I watch Mason from across the fire pit, the golden light licking at his skin. His eyes are relaxed, and he looks strange and foreign to me here, in this place, under this light. A burst of laughtererupts from me and my eyes widen as I clap my hand over my mouth.

He pops an eyebrow, leaning forward, taking the poker to roll over one of the logs.

“Care to share what you find so amusing?” He asks. I bite the inside of my cheek and try to control the quiver of my stomach.

“I just realized why you look so different to me right now,” I reply, deciding on the route of honesty as much as possible. He looks curious, and not angry, so I venture further into this shadowy, new territory. “You’re not sitting behind a desk,” I say, and my cheeks begin to warm. He stares at me for a long moment before his shoulders chug upwards in a silent laugh, and he glances away, out toward the water. The moon sparkles on the broken surface, rippling in the breeze.
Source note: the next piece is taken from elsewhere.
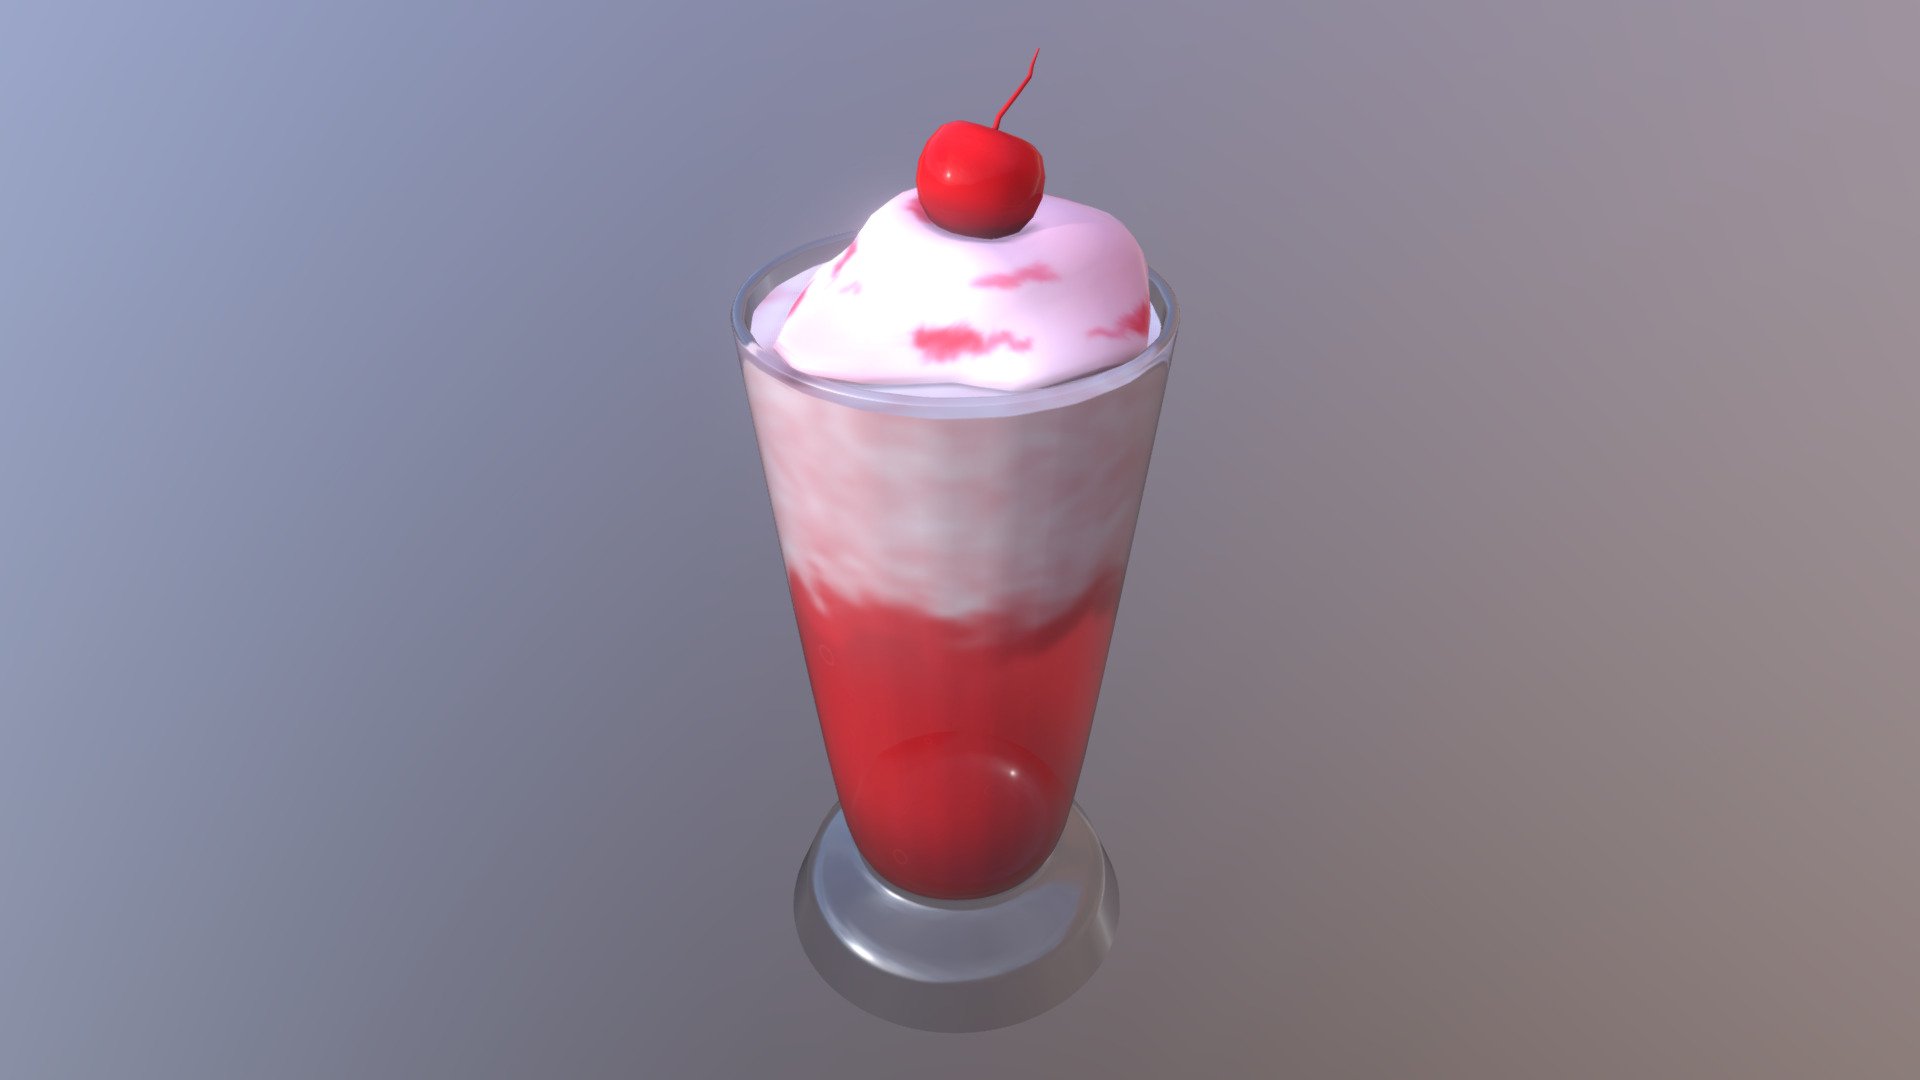 Who doesn't love a nice cold soda with an scoop of ice cream to sweeten the deal. The maraschino cherry on top is just a plus! - Cherry Soda Float - Download Free 3D model by LittleWhiteElk 3d model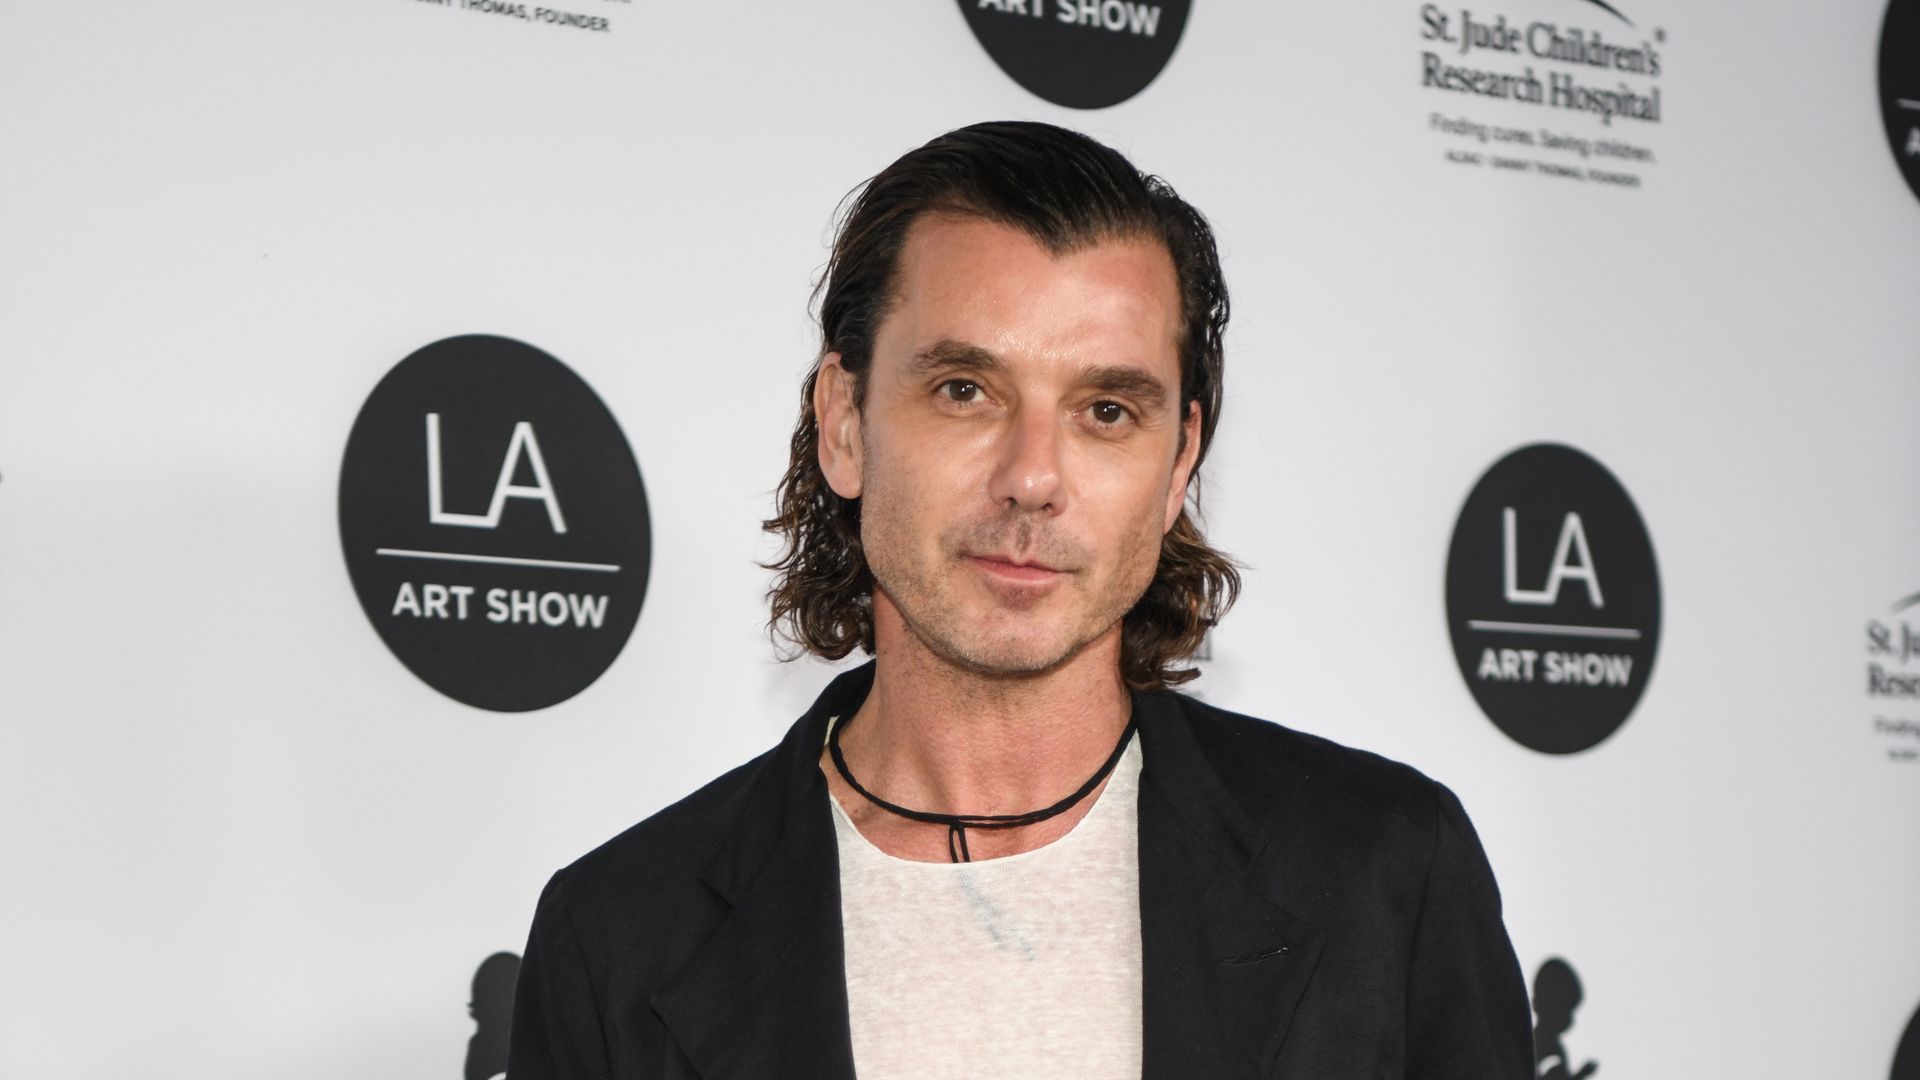 Gavin Rossdale arrives at the LA Art Show 2019 Opening Night Gala at the Los Angeles Convention Center on January 23, 2019 in Los Angeles, California

“Lord above, you must think I do nothing but work,” he murmurs.

“That and glare soulfully,” I comment, not sure what is taking hold of my tongue and letting it wag freely like this. I’m not even drunk. He looks at me with curiosity, amusement curling his lips up.

“I do more than glare soulfully,” he says and there is an intensity in the look he is giving me that has my breath catching in my throat.

“Well of course. You rule with… fairness and equity?” I try, the mountain air getting to my head. The cool breeze off the lake washes over me, its seductive song calling to me. What am I doing here, talking so casually to the duke? Am I trying to risk my position? For what?

But looking at him from across the fire, his concerns are miles away. He’s not even focused on my silly words. There’s a distance clouding his eyes, sparks and stars littered across their surface, hiding their green depths in shadows. What is he thinking about?

“You have the care of the most important thing in my world, Miss Bell,” his voice runs rough over my name, sending a shiver up my spine, my skin starting to tingle all over. “And yet…” He falls into silence, and we sit there, the darkness consuming us, the fire beginning to die.

He gets to his feet. My head tilts up and my breath hitches in my chest, my whole body feeling electric. He’s coming toward me. His gaze holds me pinned, trapping me in my chair, until he’s standing over me. He blocks out the firelight, leaving me in near-shadow. He bends down, and the subtle scent of his cologne drags me in. My eyes close, and my body is waiting for, my lips tingling, the kiss that’s coming, his mouth on me, the ghost of that warmth already haunting me—

“And yet, while I shouldn’t compromise your focus, I can’t help myself,” his voice is like a slowly rising fog, threatening to consume me.

His fingers brush over my bottom lip. I gasp. His head bends down next to my ear, and my eyes open wide. He’s inches from me. “You are an absolute torment,” his voice rasps. My body is locked up, my muscles tight and tense, and I can’t move. His lips brush across my ear. He stands up with a snap of his spine. I stare up at him, but he refuses to meet my gaze. My whole body is chilled and warmed at the same time. “Goodnight,” he sounds like he’s fighting to hold back a beast clawing at the door, and he pulls away, moving past me, his footsteps ringing hollow on the deck floor.

Warmth from the dying fire blooms over my face as he disappears, his shadow and bulk no longer blocking the glowing coals.

Despite it though, or maybe because of a curl of a breeze coming up off the lake, I sit there and shiver.

I…. I need to get to bed. Now. And not think of the duke for the rest of the night.

27

Eva

"You are a torment."

Those words haunted me, all night long, until I woke up with the sun as it crept into my room. Outside the windows lived the sky distantly gray and purple, clouds rolling over the hills at the lake's far shore like shaved ice dropped into water, curling and mistily formed.